# Leatt 3df vs Ortema ortho-max Jacket ves Protektorenjacke



## crxtuner (17. April 2019)

Hi, ich suche eine neue Protektorenjacke für den Bikepark.
Entweder die Leatt 3df Airfit body protector oder die Ortema Max jacket( evtl enduro version)

Welche der o.g. ist bequemer im Bikepark? Vom Schutz her sollten beide gut sein.
Passen bei der Enduro max noch Ellenbogenprotektoren dazu z.b ion e pact?

Vielen Dank


----------



## rakoth (23. April 2019)

Habe die Ortema Enduro Jacke - auch im Bikepark. Da kann man problemlos  noch Ellenbogenprotektoren anziehen.
Finde die Jacke richtig genial, bequem und man fühlt sich gut geschützt.


----------



## MTB-News.de




----------



## RK85 (23. April 2019)

Unterscheiden sich die max und enduro Version nur darin das es keine Ellenbogen Schützer hat und die restlichen Protektoren sind identisch?


----------



## rakoth (23. April 2019)

RK85 schrieb:


> Unterscheiden sich die max und enduro Version nur darin das es keine Ellenbogen Schützer hat und die restlichen Protektoren sind identisch?

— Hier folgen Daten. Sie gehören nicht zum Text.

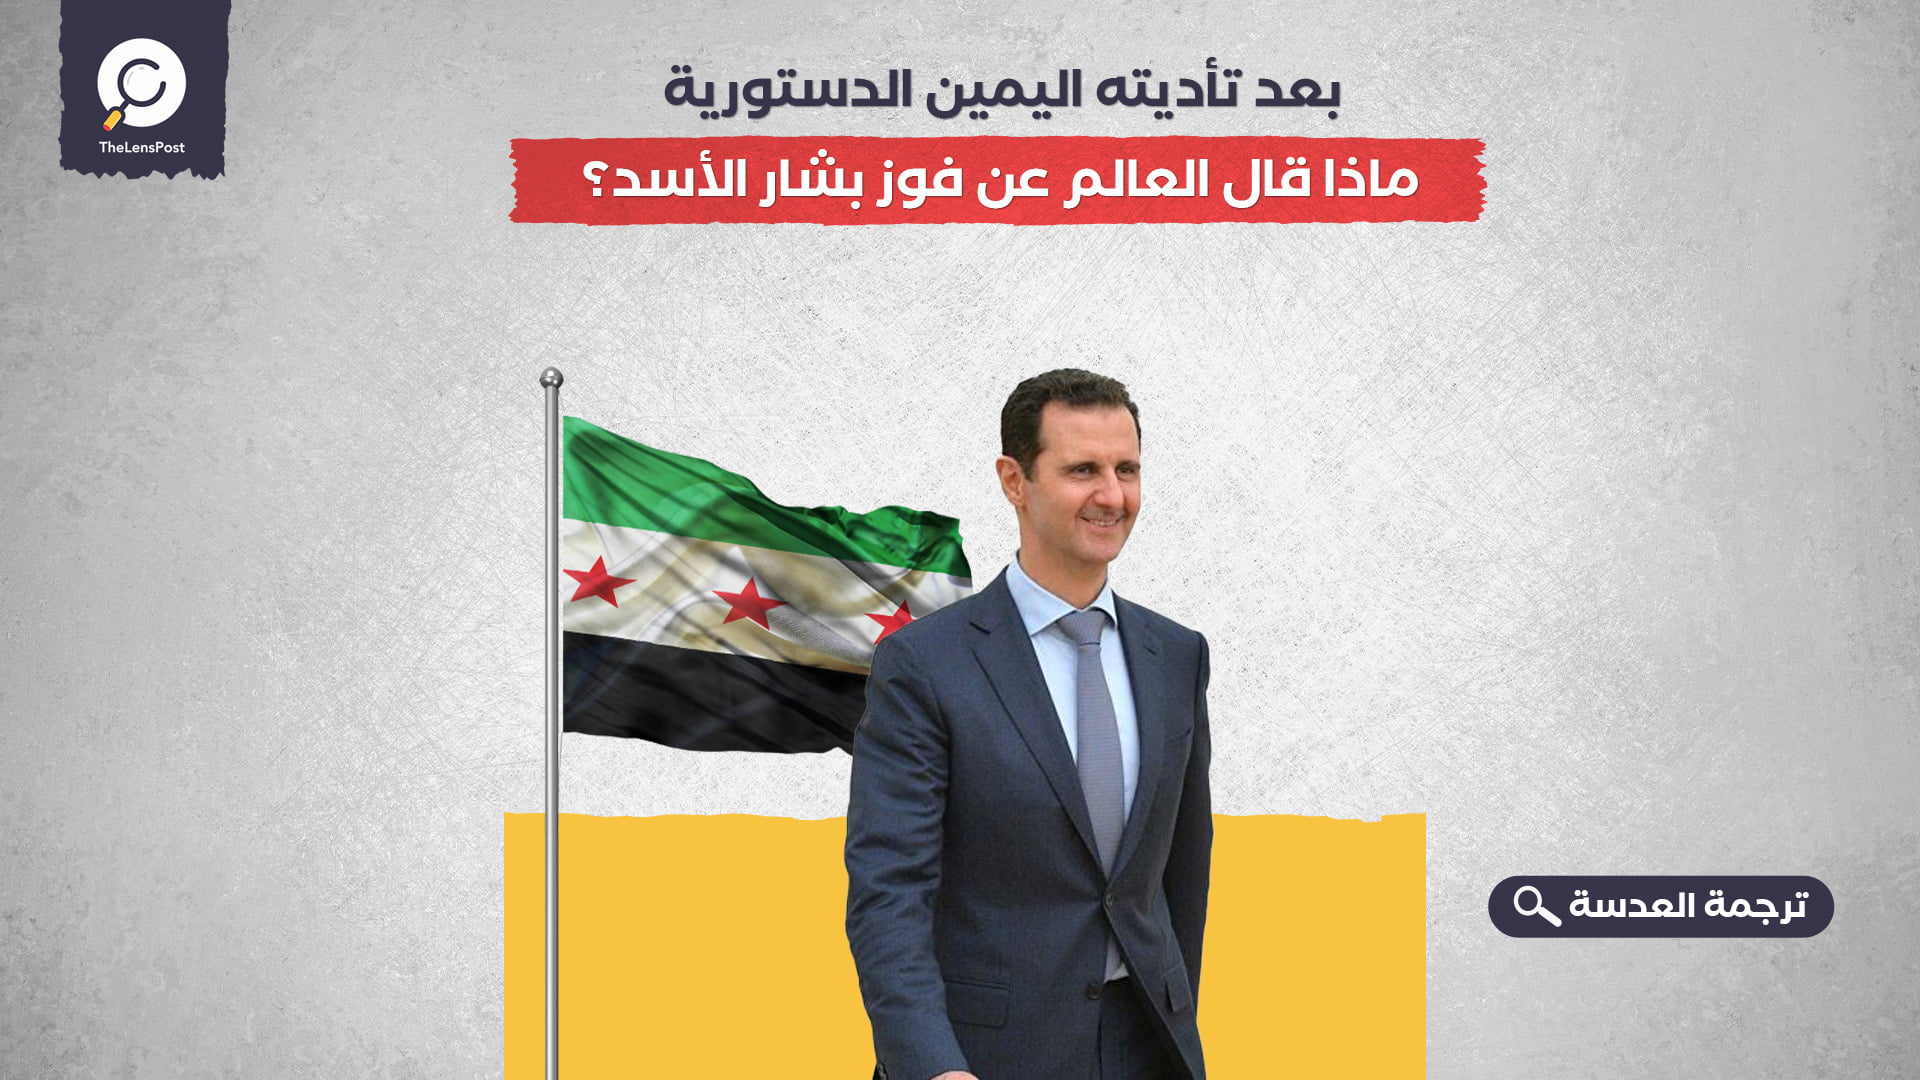  بعد تأديته اليمين الدستورية... ماذا قال العالم عن فوز بشار الأسد؟

Ja. Und die Enduro Version hat noch ein Klettband um den Bauch. Protektoren sind sonst die gleichen drin


----------



## forest2000 (12. Mai 2019)

rakoth schrieb:


> Habe die Ortema Enduro Jacke - auch im Bikepark. Da kann man problemlos  noch Ellenbogenprotektoren anziehen.
> Finde die Jacke richtig genial, bequem und man fühlt sich gut geschützt.



Ich hänge mich hier dran: Du sagst "auch im Bikepark"... Würdest Du die Orrthema auch bei Enduro-Kurbeltouren anziehen oder ist sie dafür viel zu dick?

Besten Dank + Grüße


----------



## S.Tschuschke (15. Juni 2019)

rakoth schrieb:


> Ja. Und die Enduro Version hat noch ein Klettband um den Bauch. Protektoren sind sonst die gleichen drin


Die Ortema Max hat auch einen Bauchgurt.hat die Enduro dann zwei?


----------



## Lando555 (22. Juni 2019)

Hatte auch die beiden und die POC auf der Liste. Will mich jetzt nicht selbst kopieren, aber hier habe ich was dazu geschrieben: https://www.mtb-news.de/forum/t/uebersicht-protektoren.122081/page-63#post-15964330


----------